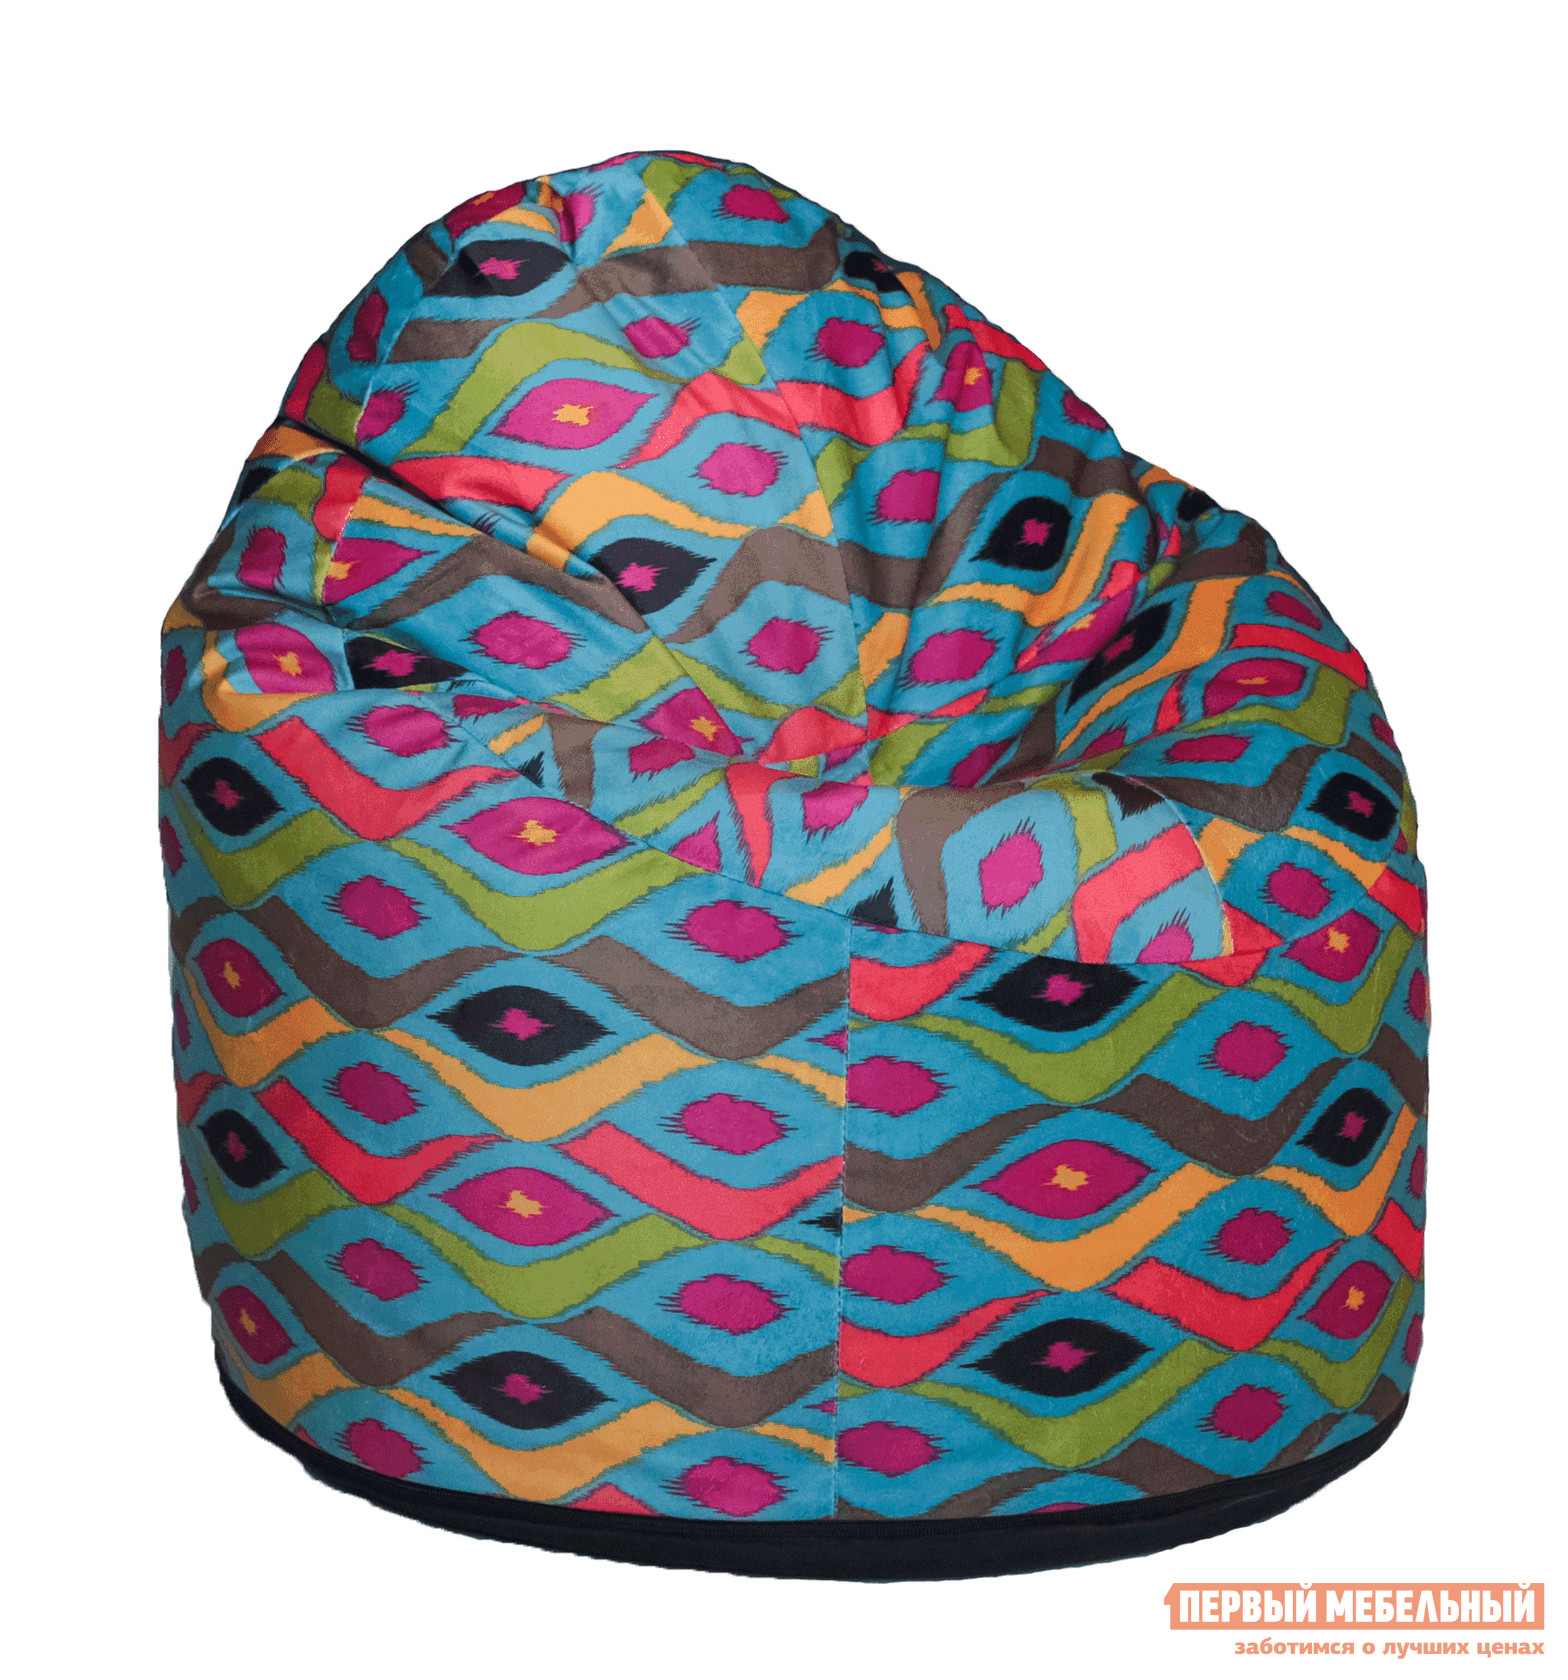 Детский пуфик DreamBag Детское Кресло Пенек кресло мешок dreambag пенек австралия savannah
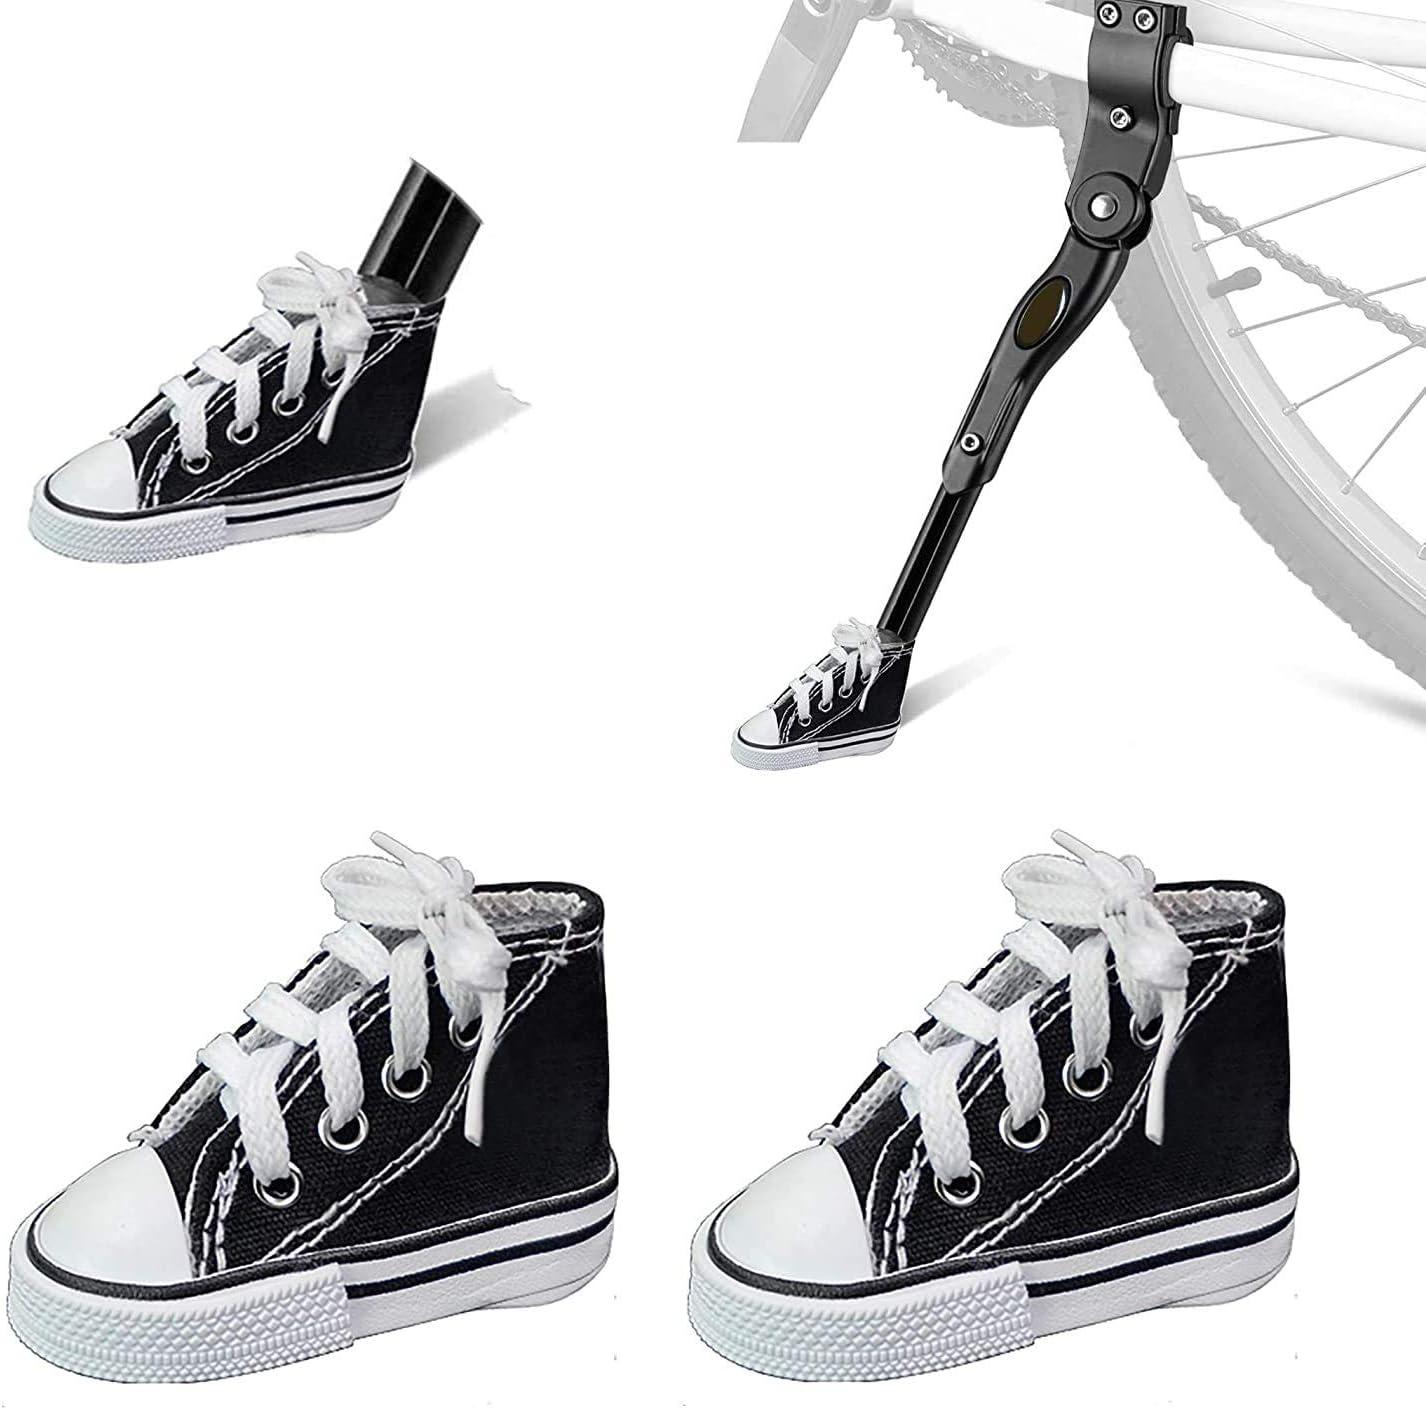 Nincee Motorrad Ständer Pad Motorrad Fahrrad Fußstütze Kleine Schuhe Hilft Ihnen Ihr Fahrrad Auf Heißem Pflaster Boden Weichem Boden Zu Parken Sport Freizeit
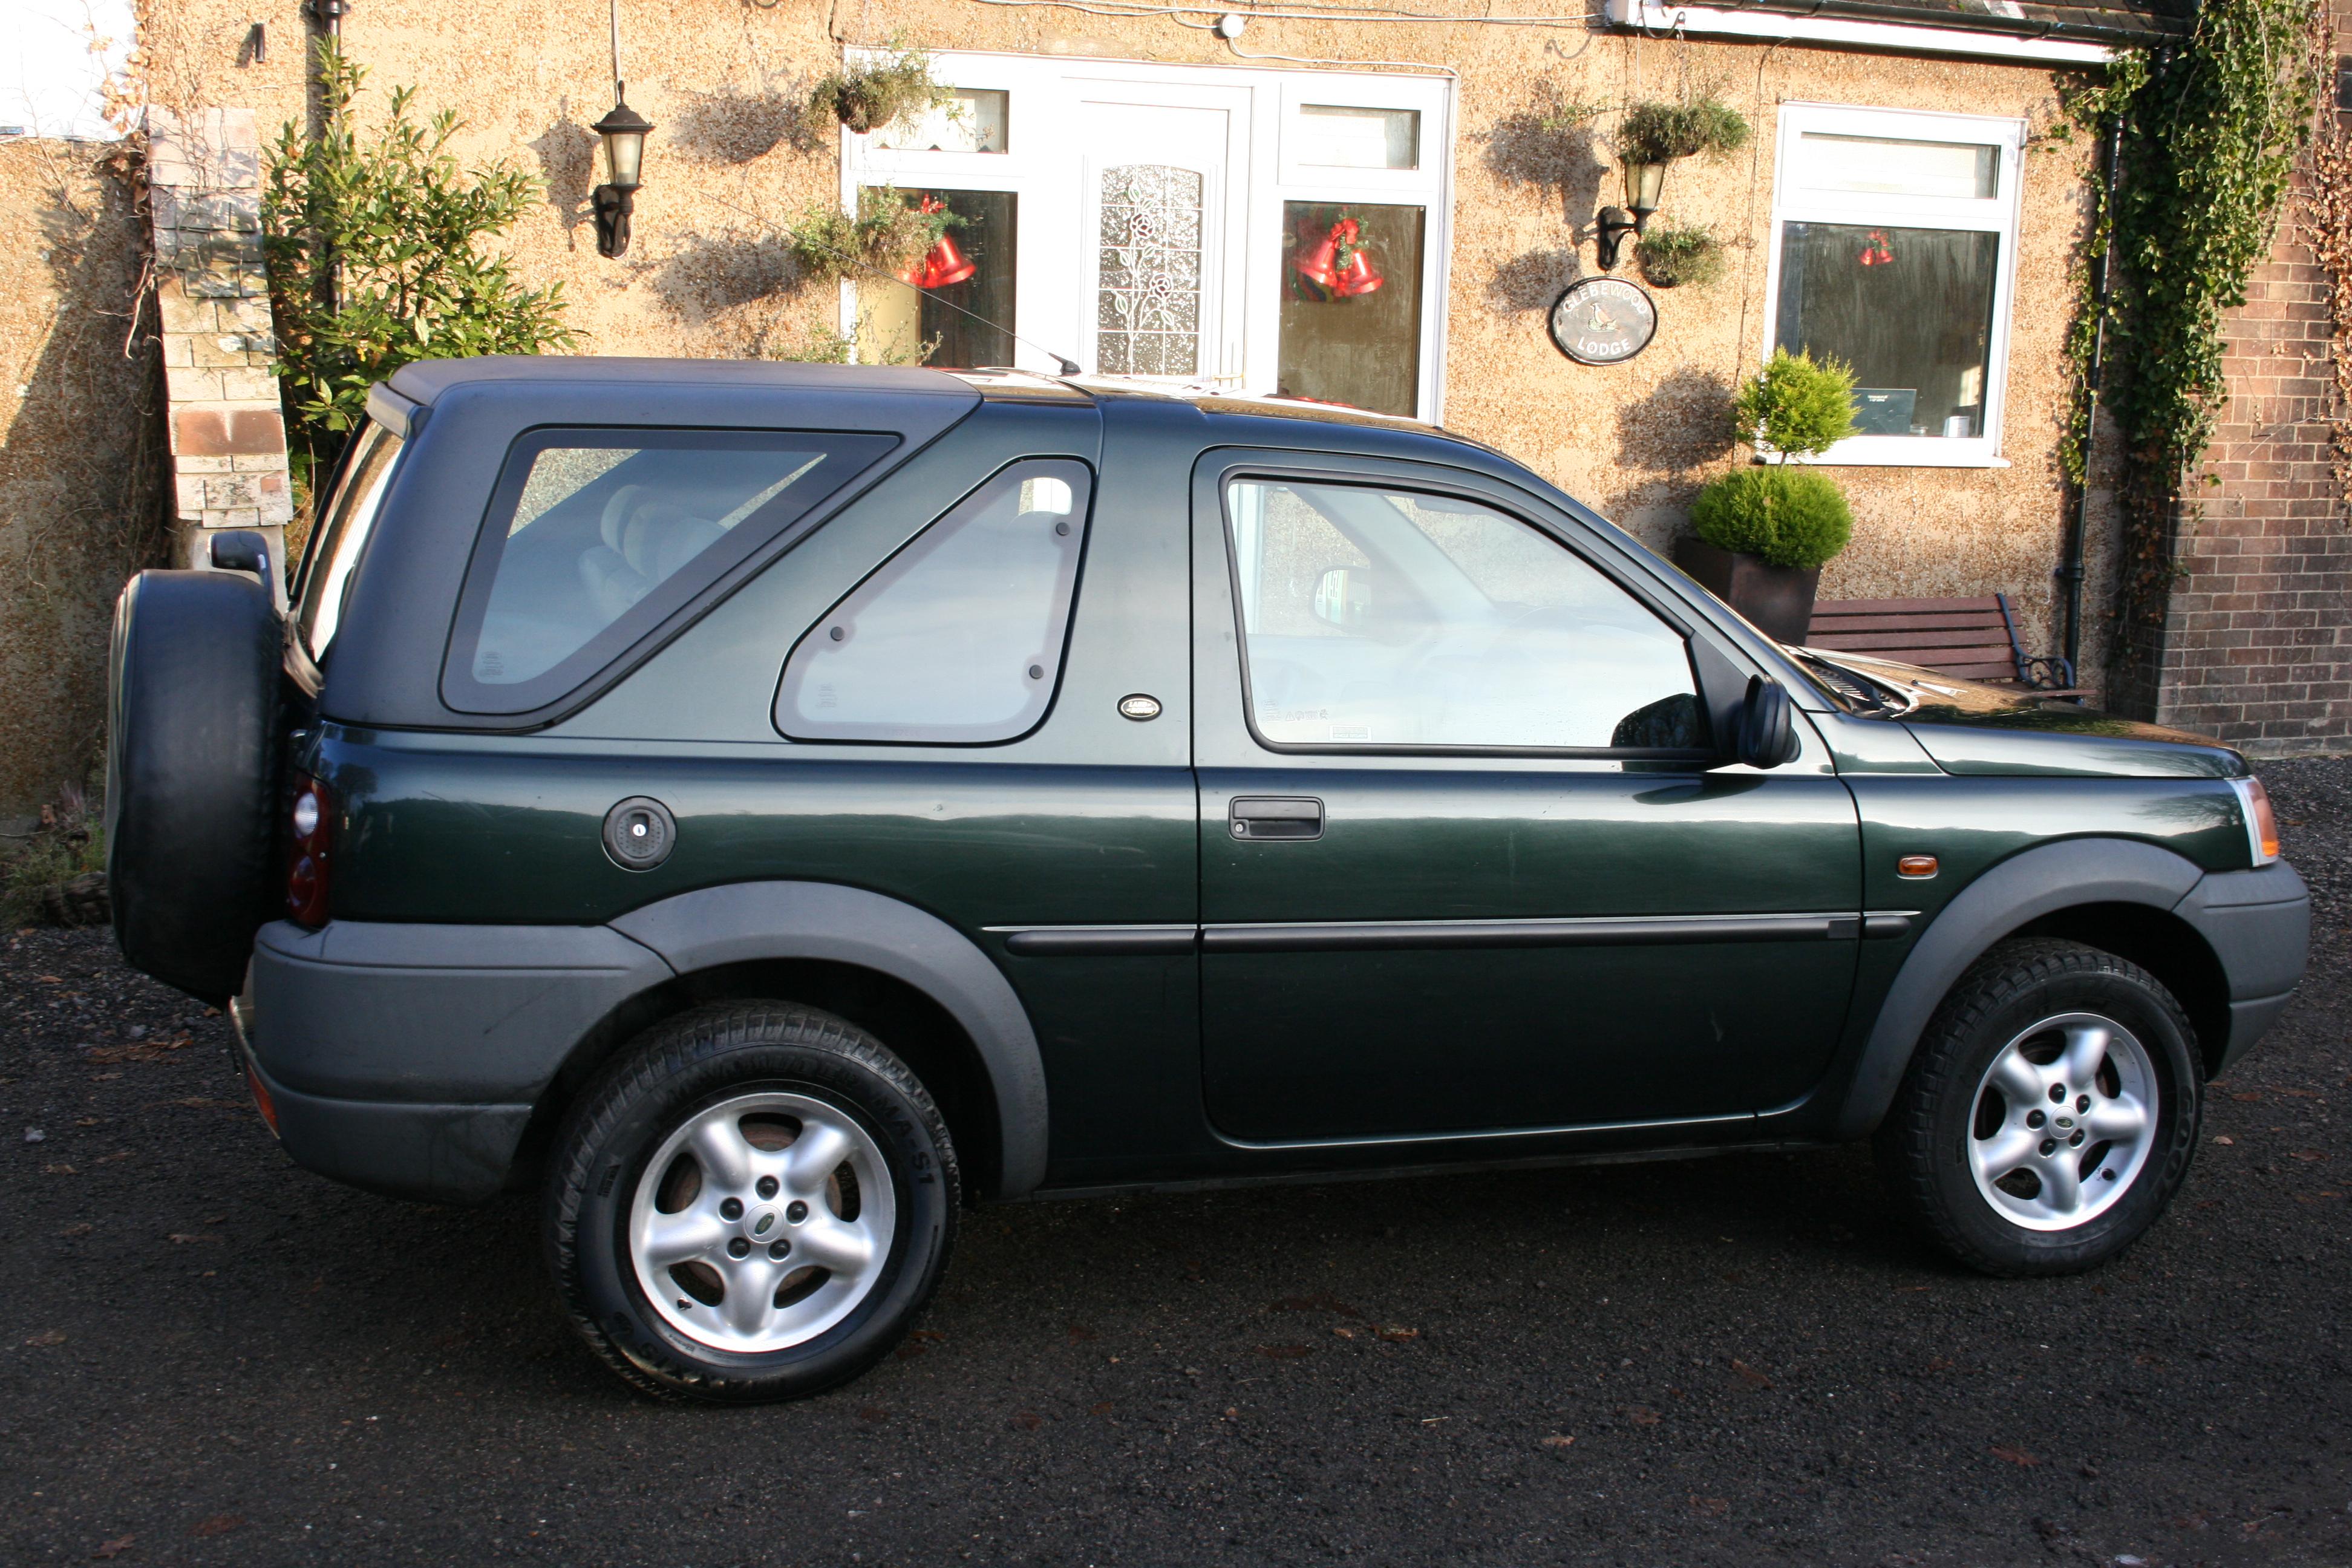 1999 freelander 3 door convertible for sale – 12 months mot

————

| EXERCISE GOAL |
Here the job is to output the lines from the top of the listing through the line holding "Nincee Motorrad Ständer", word for word and without pictures.

| SOLUTION |
 Детский пуфик DreamBag Детское Кресло Пенек кресло мешок dreambag пенек австралия savannah
 Nincee Motorrad Ständer Pad Motorrad Fahrrad Fußstütze Kleine Schuhe Hilft Ihnen Ihr Fahrrad Auf Heißem Pflaster Boden Weichem Boden Zu Parken Sport Freizeit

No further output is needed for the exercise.